Bon, j’ai décidé de laisser tomber le syndicat pour un moment. Première d’une série de décisions que je vais prendre d’ici quelques mois. On tourne en rond dans ce machin. Il n’y a rien qui avance, on se fait chier dessus à tour de bras par l’employeur, mais pendant ce temps-là, notre exécutif syndical - un groupe d’enfants rois dont l’âge moyen est de 35 ans, la génération Passe-Partout, casque de vélo et attitude Tanguy, papa et maman faites moi à manger j’ai faim - scribouille et tergiverse, discute et planifie pendant qu’on ferme des succursales et qu’on coupe des postes. Nous, la portion dite «radicale», on gueule, on houspille, on veut se battre, on veut aller à la guerre, mais non, faut pas. L’employeur risque de ne pas aimer. Faut pas faire de vagues, ou alors seulement par écrit, sur Internet avec des clics «I Like». Ouuuh! Grosse menace! Militantisme 2.0 Guerriers virtuels. Grr! Grr! Je vais te mordre méchant patron avec mes dents de pixels. Le patron, forcément, qu’est-ce qu’il se délecte! Vas-y mec, ferme tes succursales. Tout ce que cette bande de gamins surprotégés et chouchoutés trouve à faire c’est de passer des pétitions. Qu’est-ce que c’est impressionnant une pétition!! Ouuuaaahhh, j’ai peur! Je suis juste le gouvernement et je vais me laisser intimider par 398 signatures d’anonymes.
Me semble!
Une bande de mollassons. Z’ont lu des livres, mais ne connaissent pas la vie. Savent pas que quand l’ennemi t’attaque, tu dois répliquer avec 10 fois plus de violence. Ils ferment une succursale? Ok mec, on en ferme 10, les plus rentables, jusqu’à ce que tu viennes parler à notre table.
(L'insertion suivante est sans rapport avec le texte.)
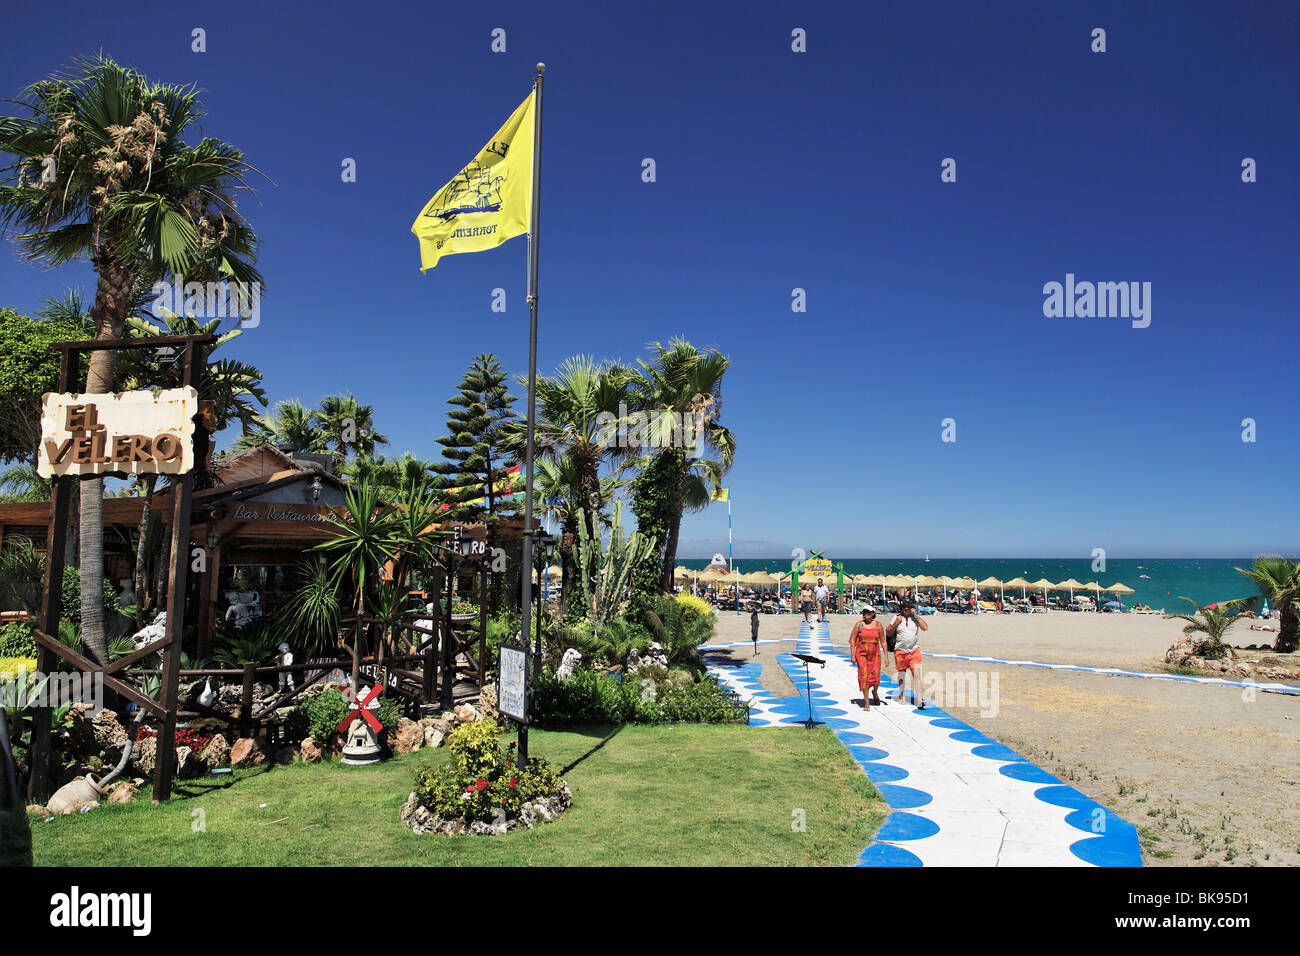 Bar de plage, Marbella, Andalousie, Espagne Banque D'Images

Ils menacent de congédier?
Pas de problème. On met trois semaines à placer le stock sur les tablettes. Tout le monde se déclare malade un samedi matin. On commande 5 fois plus de stock pour engorger les entrepôts. Ou alors on oublie de commander deux semaines de suite. T’en veux des moyens de pression qui feront paniquer les patrons? On en a des cahiers remplis moi et mes «radicaux».
Mais non, faut pas. Pétitions bidon, venez cliquer «I Like».
Le Che, mon collègue et mentor, lui il ne se décourage pas. Il croit en des lendemains qui chantent. Pas moi. Je ne suis pas de la philosophie du lendemain. Je crois au présent. Quand ça ne bouge pas, quand ça gosse, quand ça niaise, quand ça se pogne le moineau à deux mains, ça me tue. Ça fait trois ans que je les endure. «On a un plan à long terme». Jeunes cons! Avec moi, ça fait trois officiers syndicaux qui se sont fait suspendre dans les trois derniers mois. Du jamais vu dans toute l’histoire de ce syndicat. Qu’ont-ils trouvé de mieux à faire pour répliquer? Une pétition! Grr! grr! Méchant patron! Nous allons te mordre avec nos dents de papier. Suspendre un délégué dans l’exercice de ses fonctions, c’est rien de moins qu’une déclaration de guerre. Mais eux, ils répliquent à coups de pétitions.
Ah la la! Quelle époque! Heureusement, on a une génération montante qui ne s’en laisse pas imposer. 200 000 étudiants dans la rue, c’est ça un lendemain qui chante.